Other side effects include somnolence (worst with thalidomide) and peripheral neuropathies (also worst with thalidomide).
Bi-Specific T-Cell Engager (BiTE)
These are the upcoming agents: Blinatumomab, Teclitamab-cqyv, and mosunetuzumab-axgb
They are antibodies with one arm that binds to CD and the other that binds to the cancer target. Ultimately, they force T-cells to the target.
The main problem with these agents is cytokine release syndrome due to the severe dumping of cytokines because the cells are killed off so quickly. Patients on these therapies should be admitted for monitoring. Severe neurotoxicity is the other standout ADR.
Chimeric Antigen Receptor T-Cells (CAR-T Cell)
This is an interesting concept where the patient’s own T-cells are collected, modified in the lab to express the desired CAR-T receptor, grew them, and inject back into the patients.

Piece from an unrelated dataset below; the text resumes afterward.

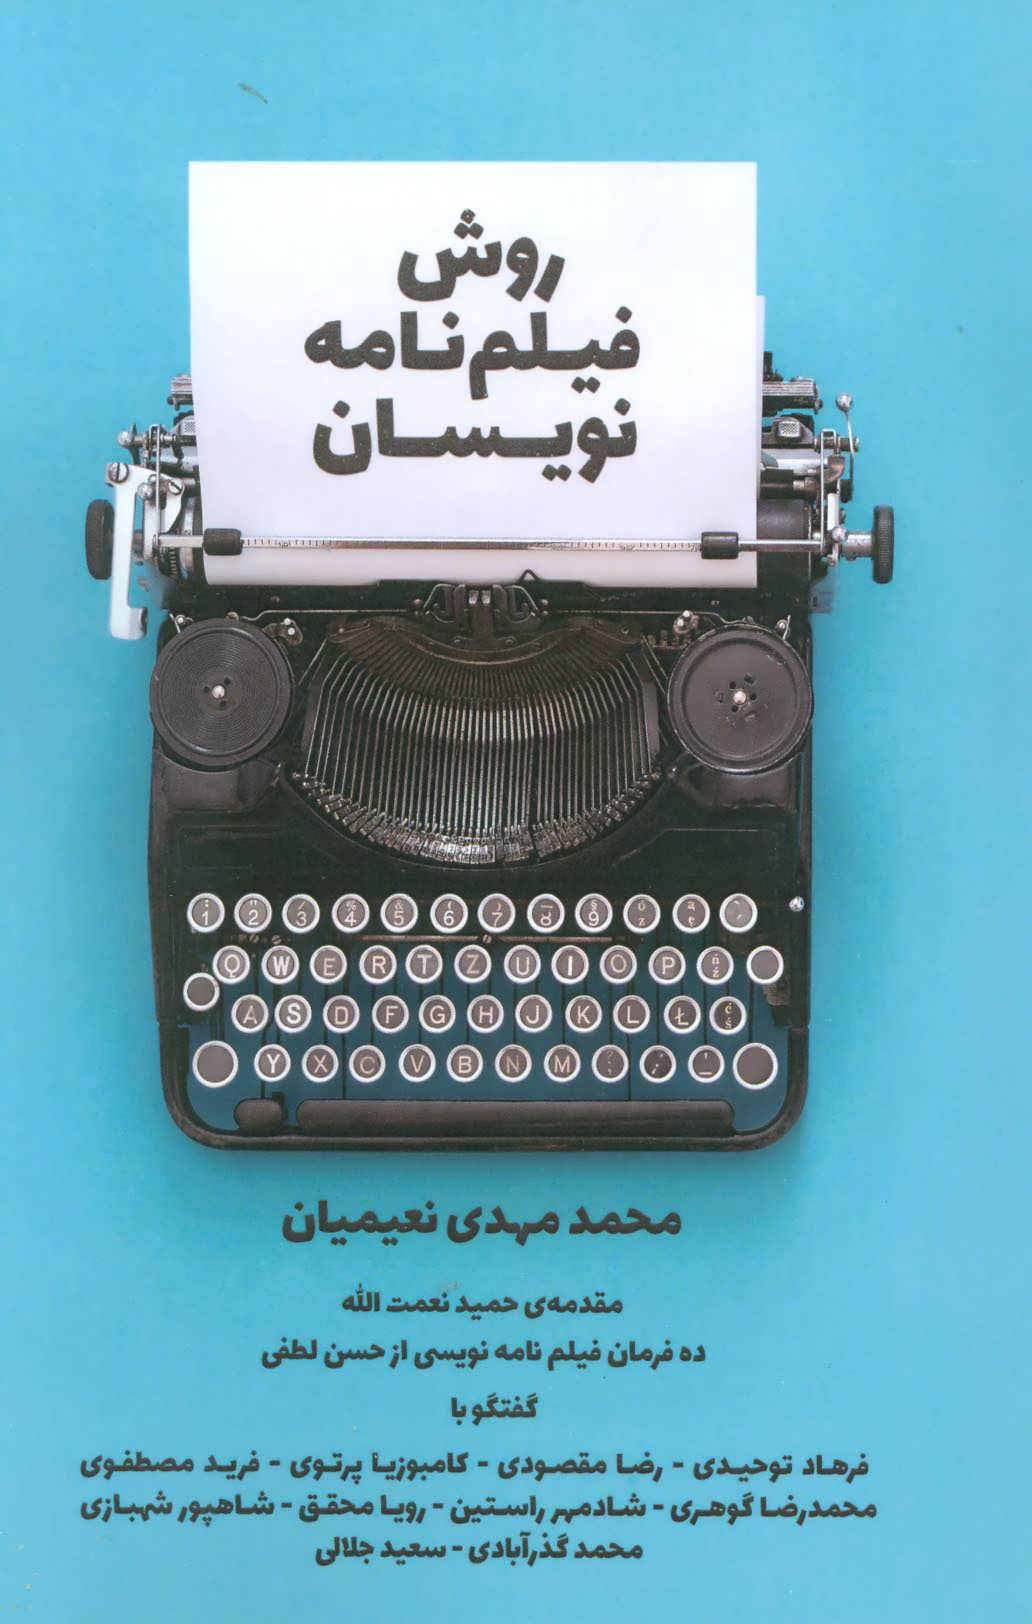 روش فیلم نامه نویسان

The goal of this therapy is long-lasting immunity.
The problem with this therapy is the cytokine release syndrome and tumor lysis.
The most common targets are CD19 (the most common) and BCMA for myeloma.
It is a one-time treatment, costing over half a million dollars.
The Future – Vaccine and Gene Therapy
First “vaccine” for melanoma: Talimogene. This is an injectable that utilizes the herpes virus that lyzes in the body, releasing factors that the body can build a defense against.
Nadafaragene firadenovec-vncg, is a new kind of gene therapy that is instilled into the bladder with an adenovirus vector. It kills off tumor cells there.